Непосредственное участие исполнителя в соверше­нии действий, образующих состав определенного пре­ступления, нельзя понимать как обязательность выпол­нения каждым исполнителем всех действий, предусмот­ренных составом. Такое понимание исполнительства вы­текает, например, из определения А.А. Герцензона, ко­торый пишет, что «исполнитель — лицо, которое непо-

 

 

средственно совершает преступление, т.е. выполняет действие или бездействие, образующие состав преступ­ления»31. Так может быть лишь в случаях, когда выпол­нение преступления принимает на себя одно лицо, кото­рое для наличия оконченного преступления должно, ко­нечно, своими силами выполнить все те действия, кото­рые описаны в составе.

Иное положение может иметь место тогда, когда в исполнении преступления принимают участие несколько лиц. Довольно часто в подобных случаях в процессе вы­полнения преступления, подчас в силу случайных момен­тов, некоторые лица совершают только отдельные акты действия, образующего состав преступления. Иногда эти лица даже не совершают и таких актов, а лишь оказы­вают другим лицам ту или иную помощь в самый мо­мент выполнения ими преступления. Если исходить из оп­ределения А.А. Герцензона, то эти лица не являются исполнителями, так как они не выполнили всех дейст­вий, образующих состав данного преступления. Именно так иногда и подходит к оценке действий соучастников судебная практика. Московский городской суд, напри­мер, признал Л. А. виновным в пособничестве спекуля­ции (ст. 17 и ст. 107 УК), так как он продавал по по­вышенным ценам в Москве каракулевые шкурки, кото­рые скупали в Самарканде, Ташкенте и других городах и пересылали ему в посылках Л., М. и М.32

Народный суд Первомайского р-на Москвы так­же признал Л. пособником кражи государственного имущества (ст. 17 УК и ст. 1 Указа Президиума Верхов­ного Совета СССР от 4 июня 1947 г. «Об уголовной от­ветственности за хищение государственного и общест­венного имущества»). В приговоре суда указывалось, что «Л. вместе с М. участвовал в краже тулупа». Это участие выразилось в следующем: Л. и М. ехали в ку­зове автомашины. На одной из улиц Москвы с ними по­равнялась другая автомашина, в кузове которой лежал тулуп. М. перебрался на ходу в кузов параллельно сле­довавшей машины, взял тулуп и передал его Л., кото-

 

рый вначале спрятал тулуп под полу своего ватного ха­лата, а затем они оба на него сели33.

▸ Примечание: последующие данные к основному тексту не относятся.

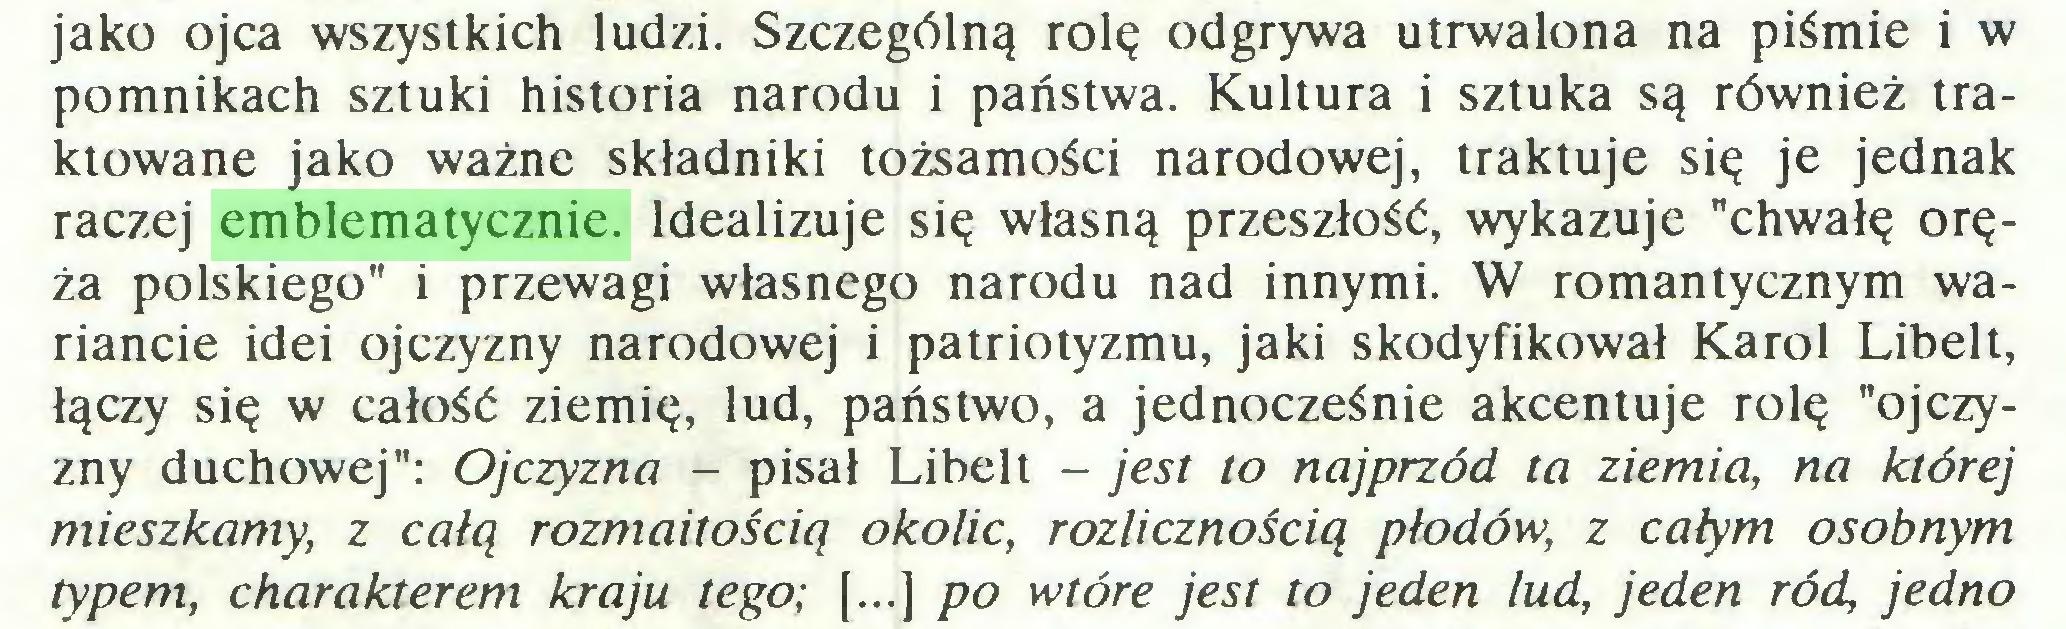 """(...) jako ojca wszystkich ludzi. Szczególną rolę odgrywa utrwalona na piśmie i w pomnikach sztuki historia narodu i państwa. Kultura i sztuka są również traktowane jako ważne składniki tożsamości narodowej, traktuje się je jednak raczej emblematycznie. Idealizuje się własną przeszłość, wykazuje """"chwałę oręża polskiego"""" i przewagi własnego narodu nad innymi. W romantycznym wariancie idei ojczyzny narodowej i patriotyzmu, jaki skodyfikował Karol Libelt, łączy się w całość ziemię, lud, państwo, a jednocześnie akcentuje rolę """"ojczyzny duchowej"""": Ojczyzna - pisał Libelt - jest to najprzód ta ziemia, na której mieszkamy, z całą rozmaitością okolic, rozlicznością płodów, z całym osobnym typem, charakterem kraju tego; [...] po wtóre jest to jeden lud, jeden ród, jedno..."""

Наконец, народным судом Бухары Узбекской ССР С. была признана пособницей в умышленном убийстве (ст. 14, п. «б» ст. 186 УК Узбекской ССР), так как она, как это указано было в приговоре, вместе с К. во время убийства держала жертву за руки и закрывала ей рот. Определением Судебной коллегии по уголовным делам Верховного Суда СССР от 19 апреля 1952 г. обвинение С. в соучастии было признано недоказанным. Однако коллегия не сделала никаких замечаний по поводу ква­лификации таких случаев соучастия, считая, видимо, что при доказанности обвинения действия С. должны рассматриваться как пособничество, а не как исполне­ние преступления34.

Между тем во всех приведенных случаях имело ме­сто неправильное, слишком узкое и формальное пони­мание исполнительства преступления. В советском уго­ловном праве под исполнительством понимается не обя­зательно выполнение лицом всех действий состава, а непосредственное участие в совершении таких действий. Это значит, что лица, которые вы­полнили часть действий, образующих состав данного преступления, или даже, не выполнив самостоятельных действий, входящих в состав, оказывали в момент со­вершения преступления ту или иную помощь другим — также должны рассматриваться исполнителями преступ­ления. Некоторое различие в характере и объеме дейст­вий отдельных лиц в данном случае имеет чисто техни­ческое, а не юридическое значение. Решающим же фак­тором, который определяет роль в преступлении и юри­дический статус этих лиц, является их непосредственное участие в совершении действий, указанных в составе преступления. Это положение весьма четко выражено в большинстве уголовных кодексов союзных республик, специально отмечающих, что непосредственное участие в выполнении преступления, в чем бы это участие ни выразилось, должно рассматриваться

 

 

как исполнительство 35. Именно так понимается исполнение преступления и в теории советского уголов­ного права.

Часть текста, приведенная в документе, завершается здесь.